Embodiments described herein provide a training framework including a transparent and unbiased dataset generation pipeline to generate unbiased multi-modal training data for training a multi-modal LLM. Specifically, one or more images may be annotated using image recognition models, e.g., for object detection, attributes, relations, segmentation, etc. Then, the generated annotations are used to generate scene graph. A scene graph is a data structure that represents objects with attributes in an image as nodes and relationships between objects in an image as edges. Several computer programs are then used to systematically generate question-answer pairs. Because the computer programs include a set of known rules, how the data is generated is known explicitly and thus transparent. The question-answer pairs may be of several types, e.g., a type associated with each of the types of image recognition models. The question-answer pairs may be included in a training dataset and used to train a multimodal LLM.

In this way, the transparent data generation pipeline improves the training process of multimodal MLLMs by providing high-quality, diverse, and controllable training data. By leveraging rule-based programs and structured annotations such as scene graphs, the pipeline ensures that training samples are accurate, explainable, and systematically varied across multiple vision-language tasks. This reduces noise and biases commonly found in datasets generated by generative models and allows for better alignment between visual inputs and language outputs. As a result, multimodal LLMs trained on this data achieve more consistent and reliable performance, particularly in tasks requiring fine-grained visual reasoning and grounded language understanding.
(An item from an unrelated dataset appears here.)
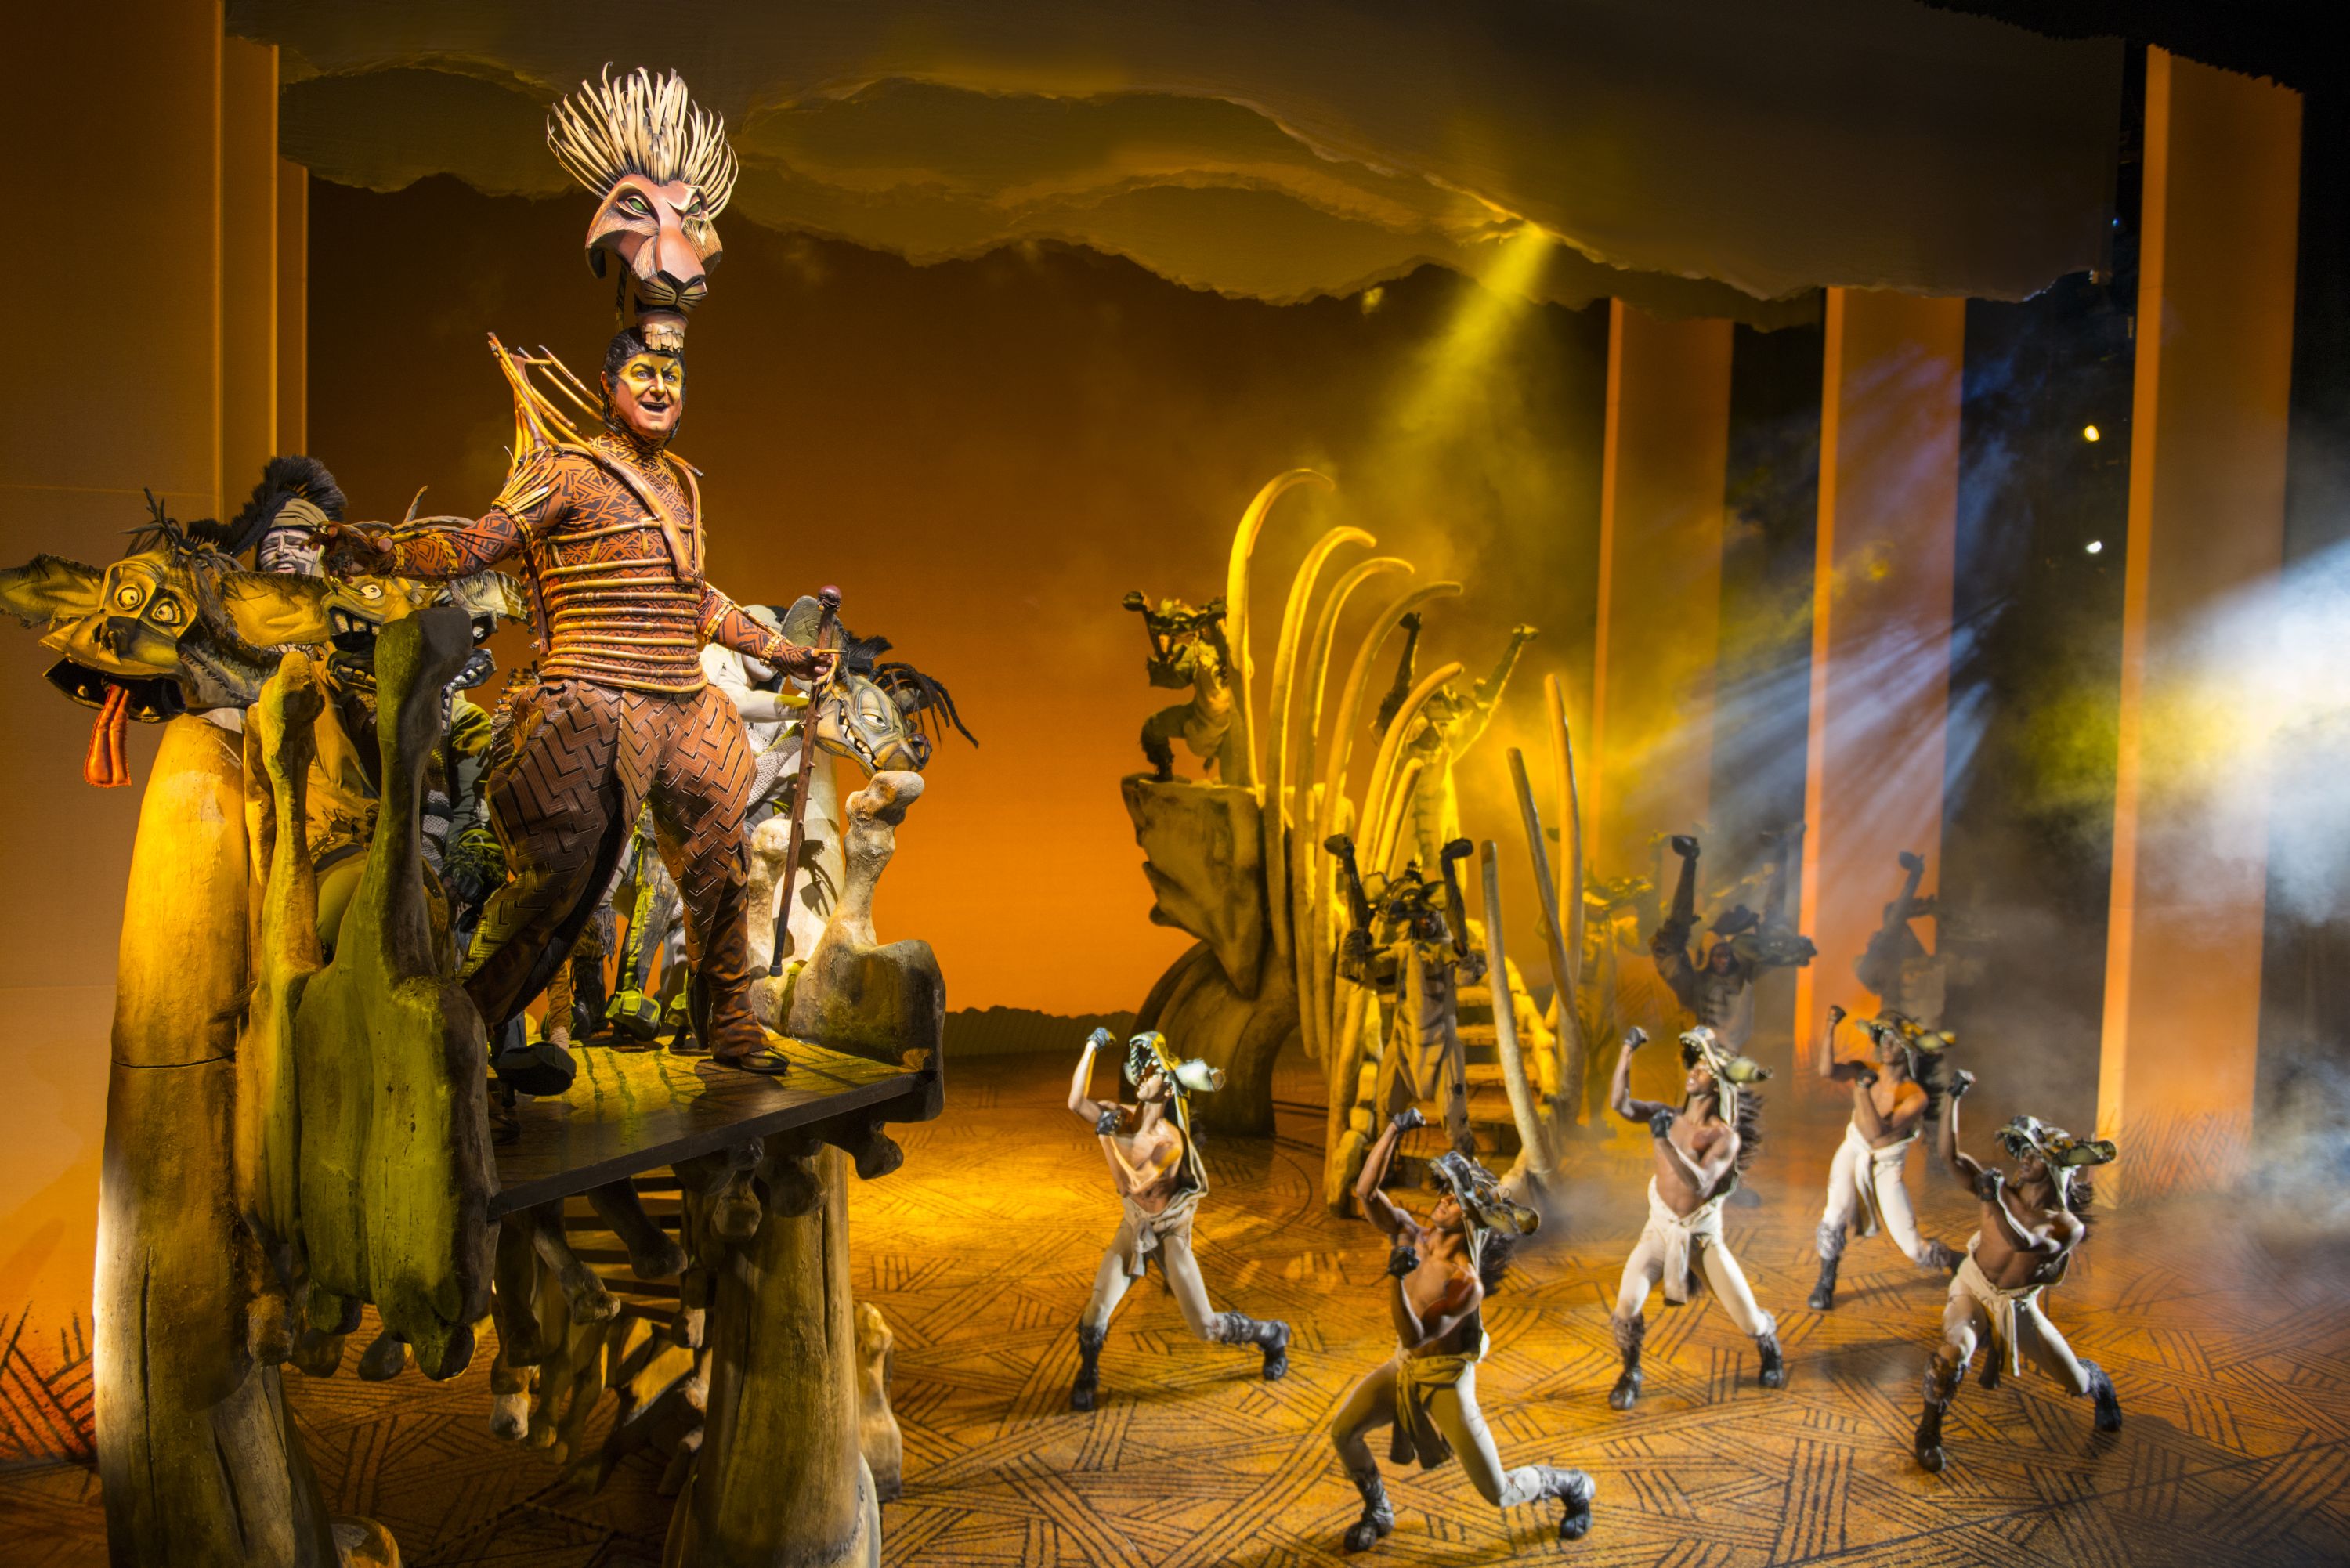 Spencer Plachy as Scar in Disney's The Lion King

FIG. 1A shows an example operation of a multimodal LLM based AI agent, according to embodiments of the present disclosure. A multimodal LLM-based AI agent 110 may be implemented on a user device 104 to receive a user task request 106 as a natural language input and one or more multimodal input such as images or videos 116, typically through a chat or command interface 107. This request 106 may range from simple queries to more complex tasks like data analysis, automation, or even generating content. The AI agent 110 may be built upon a multimodal LLM 120.
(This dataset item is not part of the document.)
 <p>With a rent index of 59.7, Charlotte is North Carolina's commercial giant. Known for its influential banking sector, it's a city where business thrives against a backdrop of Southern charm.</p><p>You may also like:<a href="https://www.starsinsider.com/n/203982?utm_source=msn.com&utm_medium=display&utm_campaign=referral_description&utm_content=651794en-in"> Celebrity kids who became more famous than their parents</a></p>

An example would be using the MLLM-based AI agent in healthcare involves analyzing mammography scans for early cancer detection. The AI agent 110 may receive multiple mammogram images from the same patient taken in different years, and a user request 106 to analyze the medical images. Using its multimodal capabilities, the MLLM 120 processes the multiple images 116 and detects anatomical structures, breast tissue density, and potential abnormalities such as masses or calcifications. Additionally, the user text input 106 may further incorporate clinical text reports, patient history, and known risk factors, the AI agent 110 may contextualize its findings and generate a detailed summary highlighting any significant changes. This summary can include visual annotations and language explanations, helping radiologists prioritize cases for further review.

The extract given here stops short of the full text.